At Highway Transport, we know truckers, and we know the trucking industry. That is why we’re here to help by providing you with a breakdown of some of the best ways you can manage the cold and slippery conditions brought on by wintry weather, protect yourself and others on the roadway, and ensure that your deliveries are made – safely. Below are our best winter tips for truck drivers.
Prioritize Your Safety
At the end of the day, no load is worth your life. If you’re driving in the winter, and the weather takes a dangerous turn, it is imperative that you prioritize your safety.
- Use your judgment. There are times in the winter where visibility is minimal or roads are coated in a layer of ice, and other drivers on the road struggle to move without sliding.
- Find a safe area to park.
- Get in touch with dispatch.
- If you are in a situation where you believe there is a danger, don’t be afraid to make the decision to stop driving and wait somewhere warm for the weather to pass.
It is tempting when you are on the open road to want to go as fast as possible to reach deadlines faster, but safety must come first.
- Slow down. In the winter especially, whether you are on the open road or in a lightly populated area, monitor your speed.
- Most at-fault accidents are caused by drivers going excessive speeds, and in the winter, the risk is only increased.
- While deadlines are important, don’t rush! The road conditions make it hazardous to be going too fast, so proceed with as much caution as you possibly can.
Check Your Lights
In the wintertime, visibility is everything. Driving through snow and high winds is a situation that makes it incredibly difficult to see and to be seen.
- It is vital that you check your lights before starting and whenever stopped to ensure they’re in good working condition to provide the best visibility in snow and otherwise.
- Make sure you brush your lights as frequently as you can. Snow can build in front of your lights and license plate and make it hard to see your truck and harder for you to see.
- In addition to keeping lights in good working condition and addressing any issues quickly, if visibility is very poor, you may have to park until the weather improves.

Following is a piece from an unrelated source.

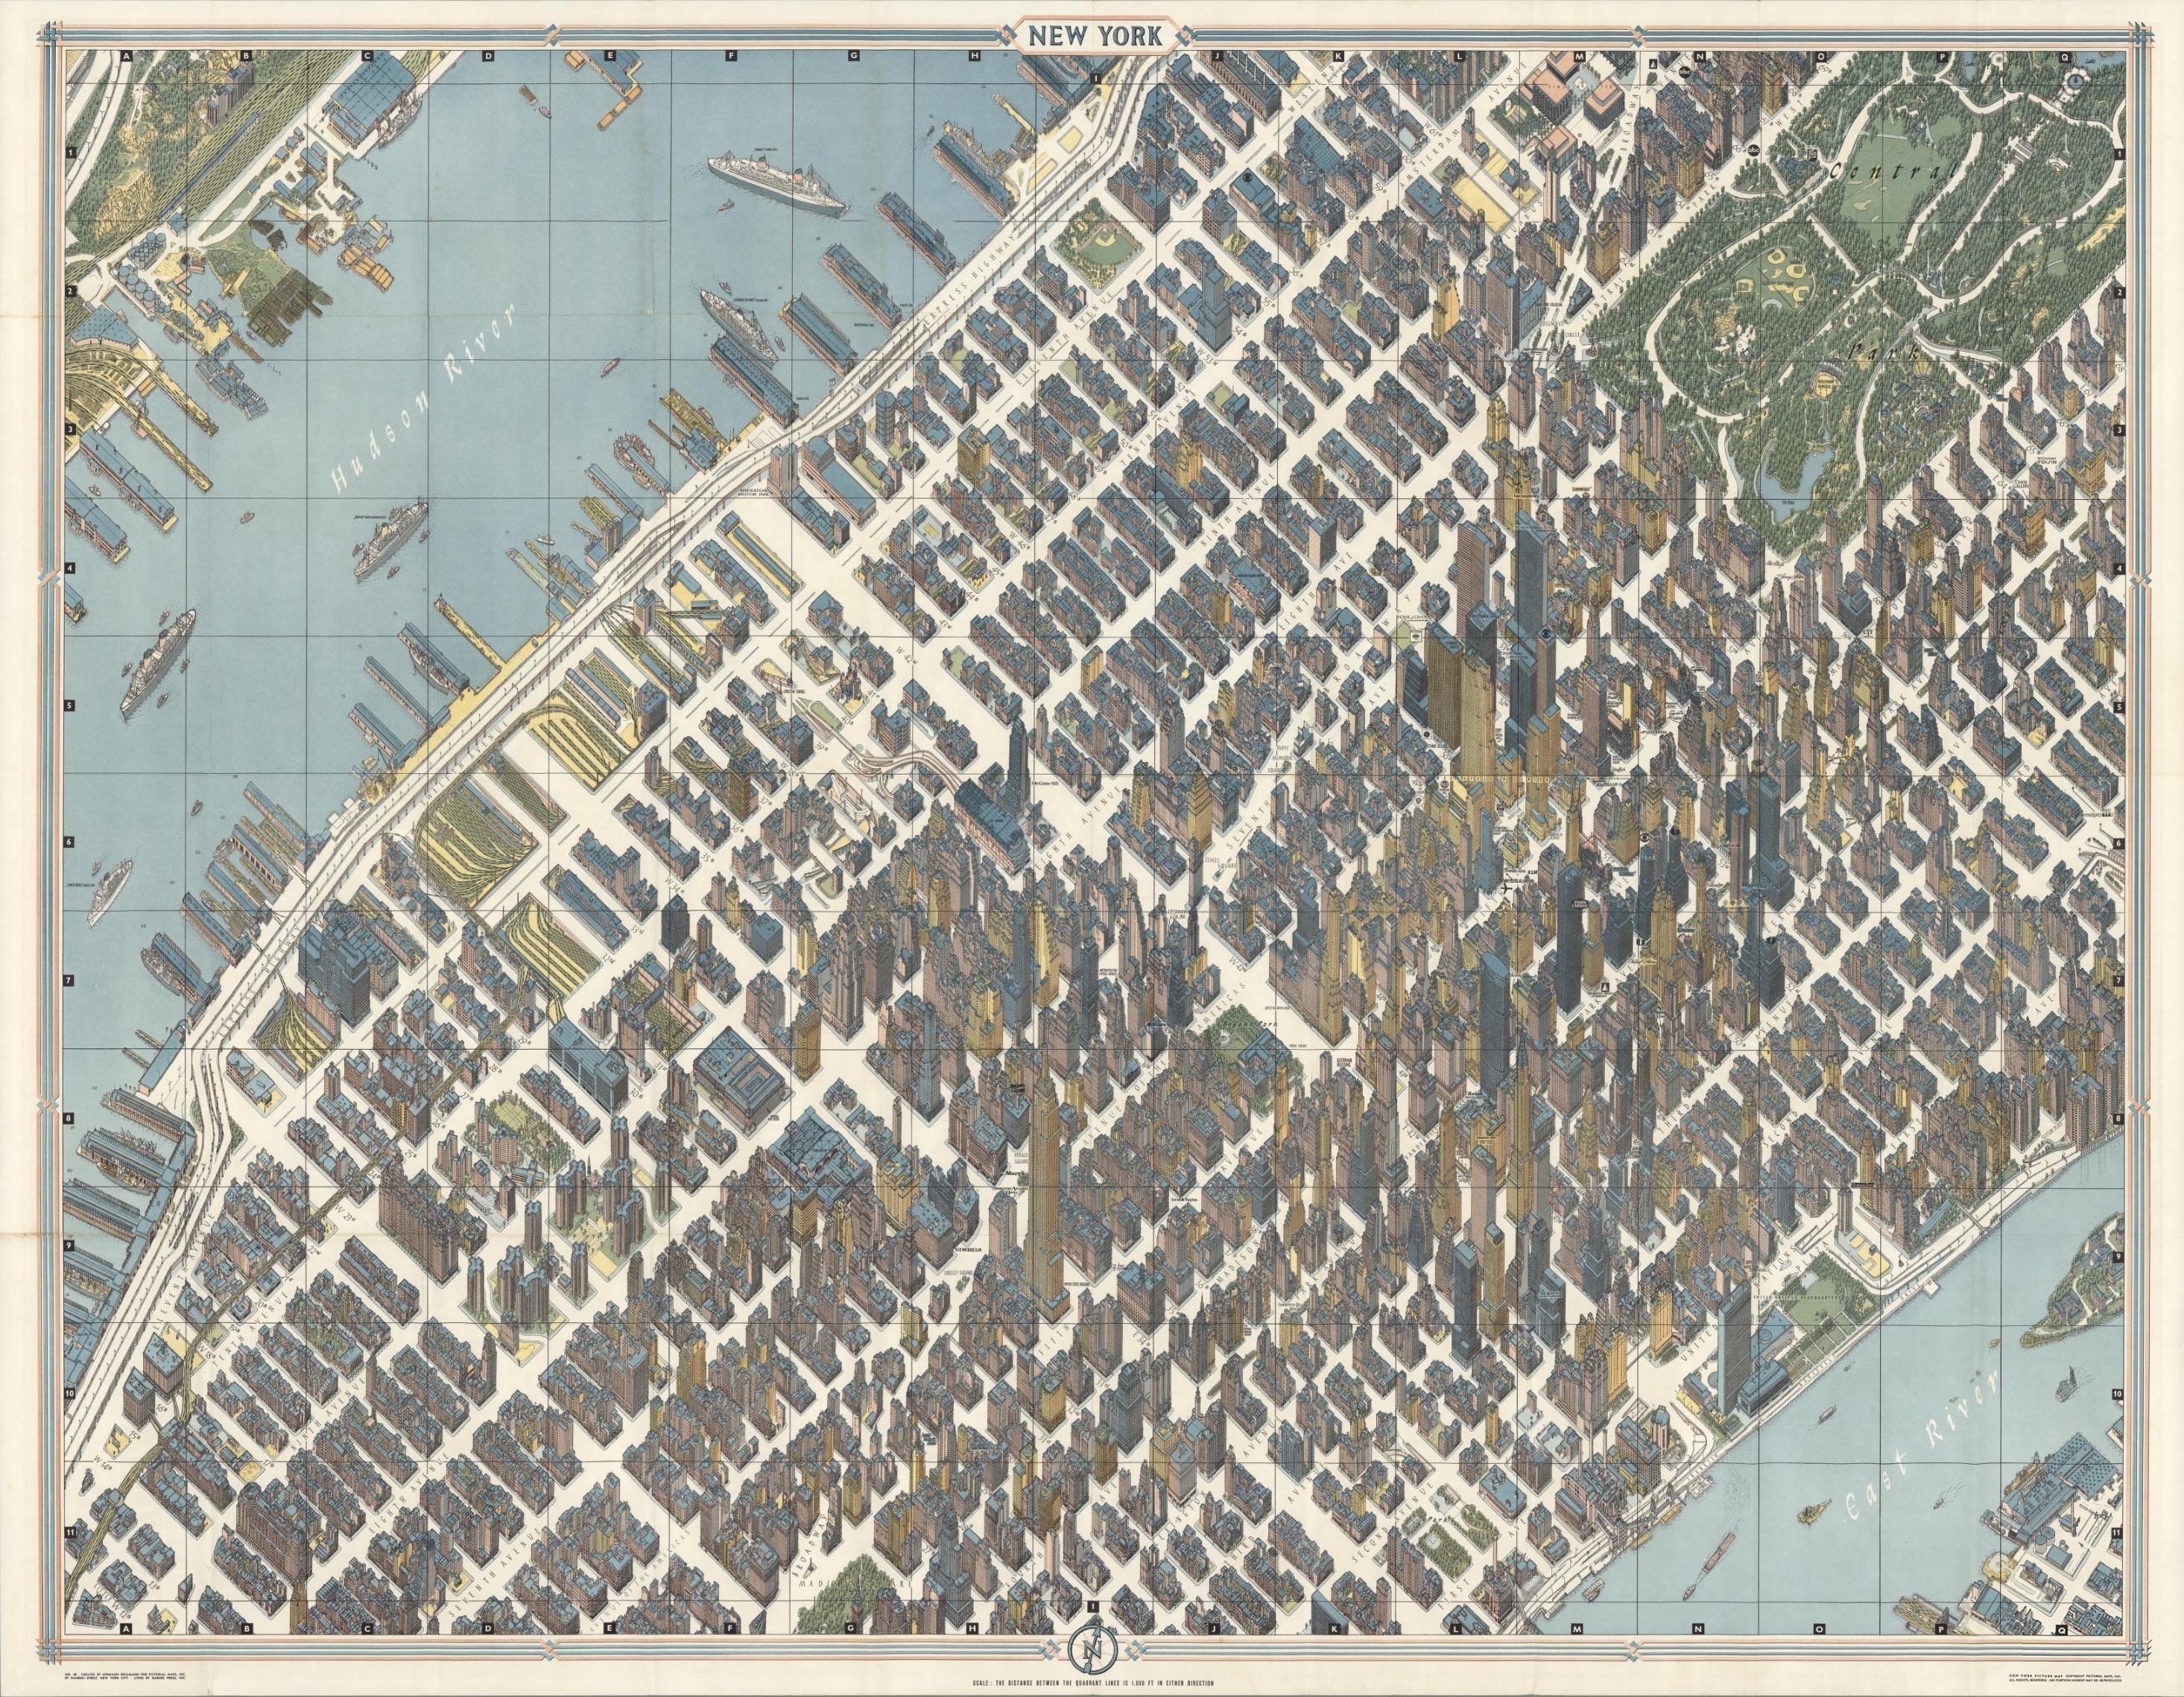 Best Ville Images On Pinterest - New york map restoration hardware

Make Your Truck Comfortable
When the weather is uncomfortably cold, being inside a truck without heat is a health risk.
- Make your truck as comfortable as possible. Turn on the heat before you start driving and let the truck warm up.

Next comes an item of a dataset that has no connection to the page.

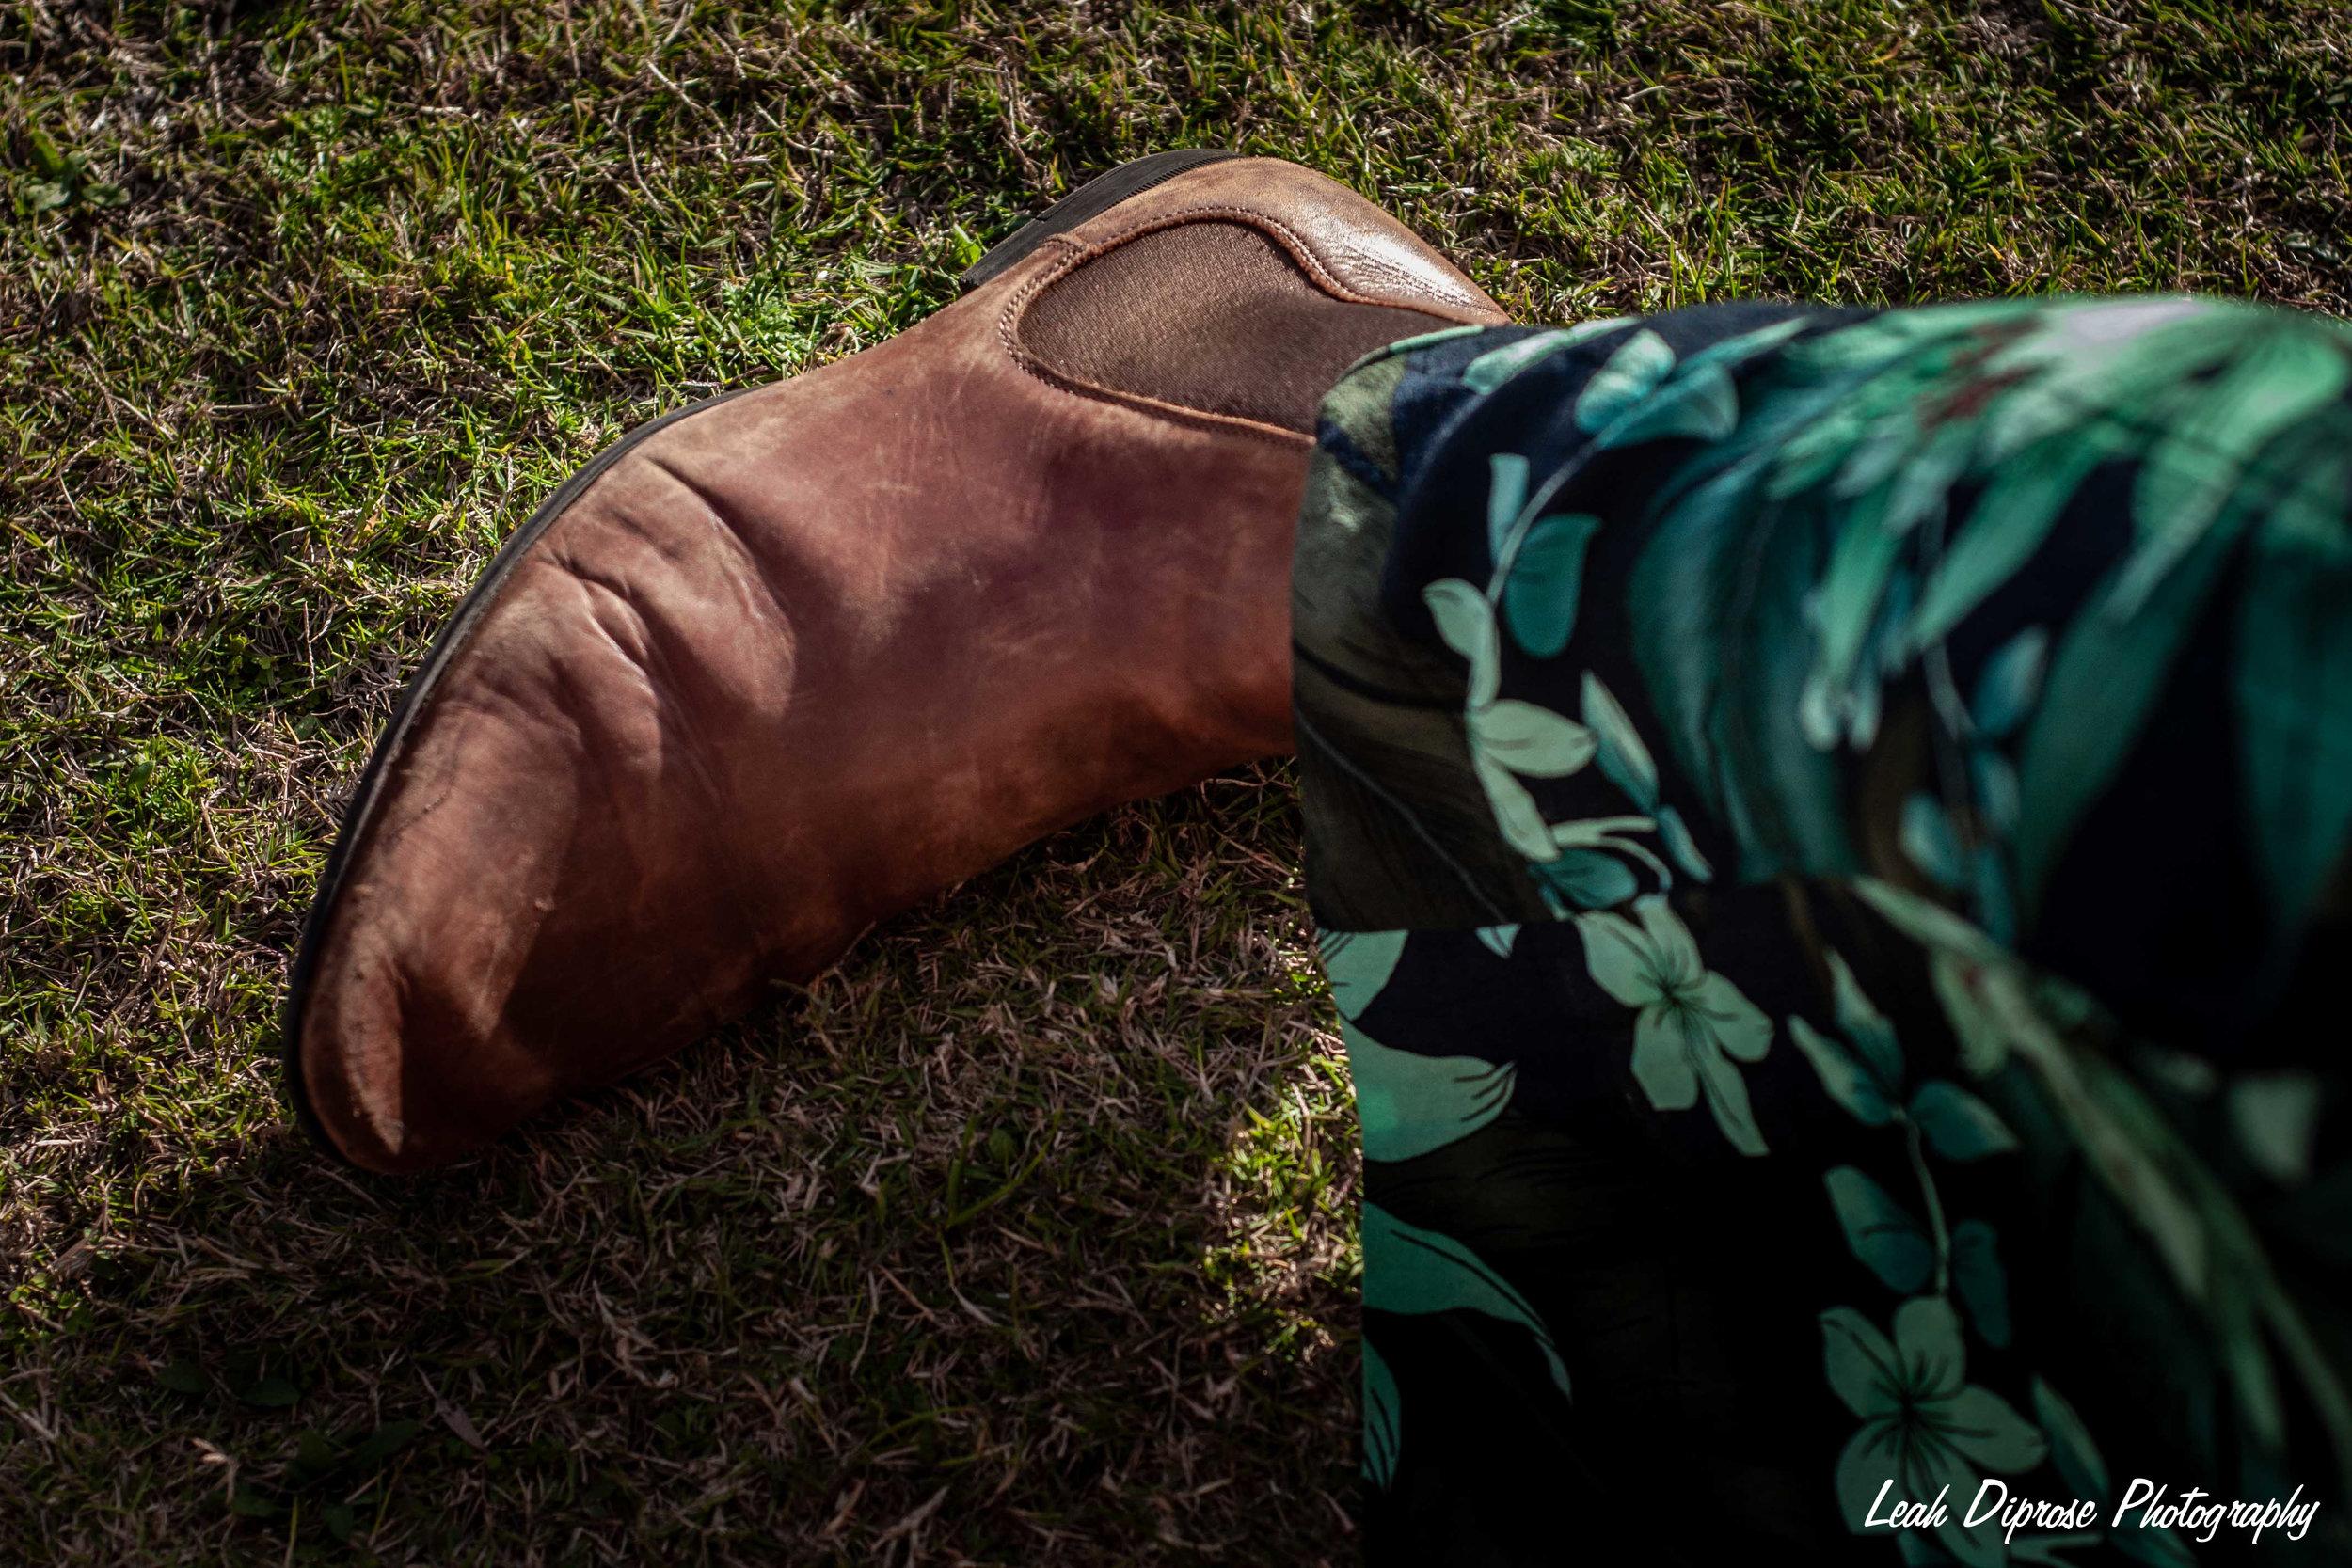 Leah Diprose Photography image-9799.jpg

- Bring a thermos with you to maintain heat in liquids, such as coffee, tea or soup.
- Wear a winter jacket, boots, and wool socks. Do what you can to make the experience of driving in freezing weather as comfortable as possible.
Make Certain with Your Pre-Trip Inspection
When checking the general status of your truck, don’t be afraid to take more time than normal to be thorough and double check items as needed. In every season, it’s important to take your time with circle checks. In winter, when the conditions are at their worst, it becomes even more essential.
- Make absolutely certain that the defroster and heater are functioning fully, as winter drivers are incredibly dependent on these.
- Clean your mirrors and your windows because they are vulnerable to the elements with frost and snow, so making sure they are at their best before you leave is important.
- Lastly, triple-check your brakes because braking in the winter is very tricky.
Keep Your Distance
The closer you are to other cars on the road, the smaller the margin of error – especially if you have to stop or maneuver the truck quickly.
- If at all possible, stay as far as you can from other cars. Cars and trucks are vulnerable to sliding and colliding, especially in wet and icy weather.
- Keeping a safe stretch between your truck and other vehicles will reduce the risk of you paying the consequences for someone else’s mistake.
- In really bad visibility, don’t ride the taillights of other cars. If you can see their taillights when the weather is that bad, that likely means you are too close to them, and for your own safety should slow down and maintain a safer distance.
Winter is an incredibly difficult time to be on the road. It is important that truckers always drive cautiously, check the weather, and put their safety ahead of the safety of the load.